ABSTRACT
A Model Of Randomized Controlled Trial Applied To Clinical Procedures Rather Than To Drug Comparison: The Hip-Hop Study In Very Preterm Infants With Hypotension
L.Gagliardi1, R. Bellù2, R. Zanini2, C.A. Rizzi3
1 Dept. of Women and Children Health, Ospedale Versilia, Camaiore, Italy
2 Neonatal Intensive Care Unit, Ospedale Manzoni, Lecco, Italy
3 Medineos srl, Milan, Italy
Introduction - Years 2000s have been largely characterised by big Randomised Controlled Trials (RCTs) based on head-to-head comparisons between pharmaceutical products, often with large sample sizes (megatrials) and very long of follow-ups, aimed at identifying new gold standards in various therapeutic fields. However, in spite of the big efforts and resources used, not always these big trials supported unequivocal conclusions (primary endpoints). Therefore, while leading to a better profile of the medications used (secondary endpoints), such studies missed to establish the better standard for human health management. In the last years more creative study designs were proposed, in which therapeutic procedures rather than drugs were compared as RCTs, keeping in mind the clinical outcome of patients. Herewith, an RCT in very preterm neonates with hypotension is presented, in which two well established drugs (dopamine or dobutamine) are used. However, the goal is not to compare the two pharmaceutical principles at cardiovascular level, but rather to identify the better therapeutic approach to hypotension (and its consequences) in preterm newborns.
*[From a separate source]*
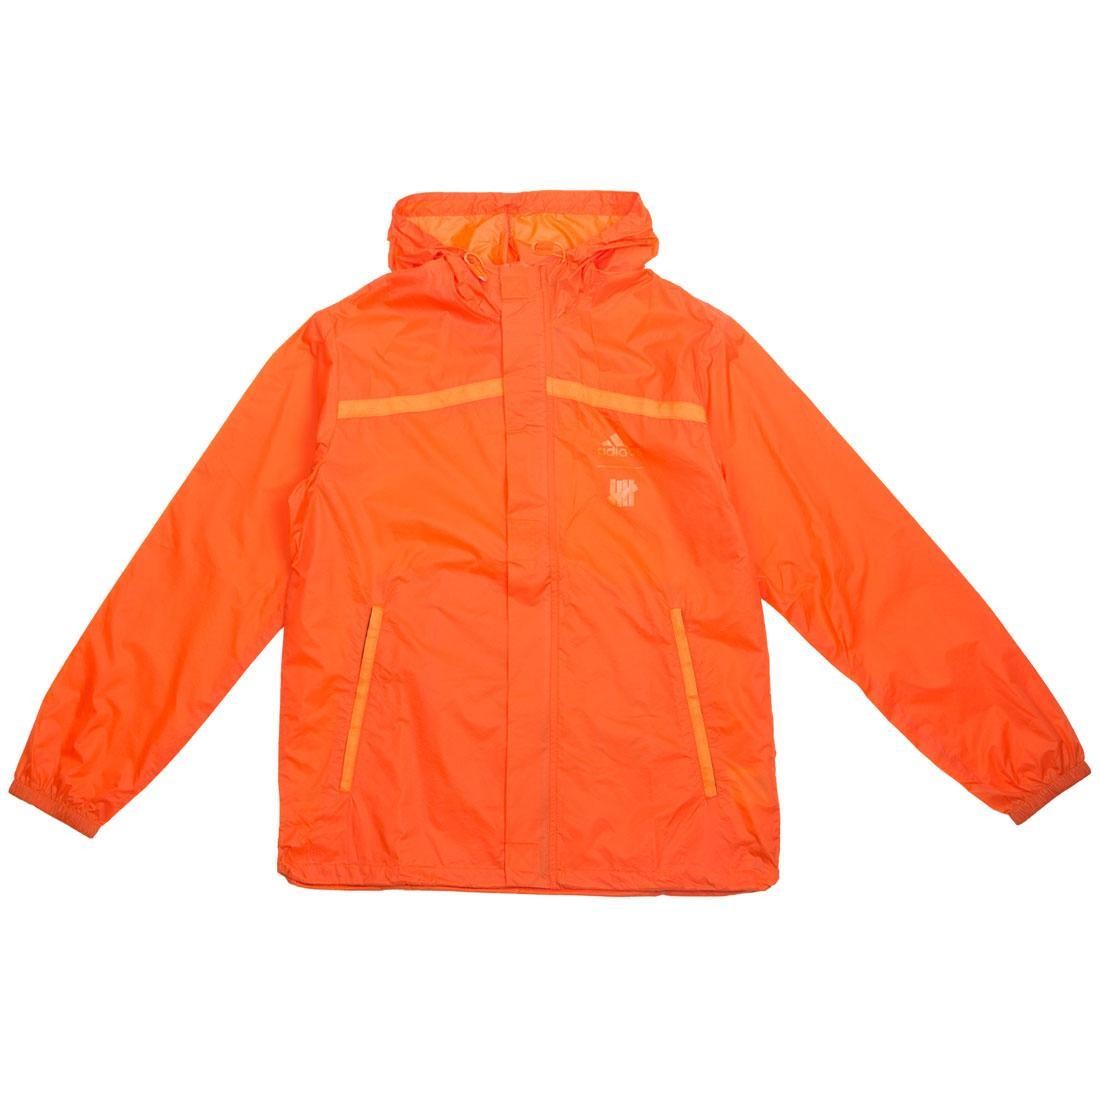 adidas orange rain jacket

Methodology - Dopamine and dobutamine are both sympatho-mimetic drugs endowed with different properties at cardiovascular level. Dopamine indirectly increases blood pressure by stimulating norepinephrine release. On the contrary, the primary activity of dobutamine is a direct stimulation of the b1-adrenoceptors of the heart and the increased contractility and cardiac output. It is the ideal drug to increase tissue perfusion with limited hypertensive effects.
The hypotension-induced damage in very preterm infants is believed to occur under a certain BP threshold, because of a perfusion reduction leading to cellular, organ and systemic damage. Thus, the rationale for aggressively treating systemic hypotension in preterm infants has been either to increase blood pressure (dopamine) to preserve adequate organ perfusion or to act only against hypoperfusion (dobutamine) when clinical signs of it are evident. The HIPHOP study (Hypotension In Preterms: Health Outcome Protocol) is designed to evaluate which of the two approaches, using different drugs, is more appropriate in preterms (23-30 weeks) with hypotension.
This is a randomised, two parallel groups, multicentre study, which will enrol 600 preterm inpatients in 27 Neonatal Intensive Care. The primary objective will be the comparison of the policy of an immediate treatment using an anti-hypotensive drug (dopamine) with watchful waiting until occurence of hypoperfusion (treatment with dobutamine), on a combined endpoint of lethality, and severe clinical outcomes such as intraventricular haemorrhage and periventricular leukomalacia. A global picture of the different outcomes will be completed by a set of secondary objectives such as necrotizing enterocolitis, retinopathy, respiratory distress syndrome, bronchopulmonary dysplasia, renal failure and iperkalemia, arrhytmias, hypertension, convulsions, effects on tyrhoid hormones, in the two treatment groups. Outcomes will be collected at the discharge visit.
Start of enrolment is April 2011. Results will be available second quarter of 2013.
Conclusions - This study will compare two arms, both including the administration of a sympathomimetic drug, either dopamine or dobutamine. However, the goal of the study is not to compare the two drugs, but rather to shed a light on the potentially best therapeutic approach, by using the methodology of the RCTs. Whether this method in this specific field is reliable for the benefit of patients and public health operators in neonatology, will be shown by the reliability and strength of the results, available the second quarter of 2013.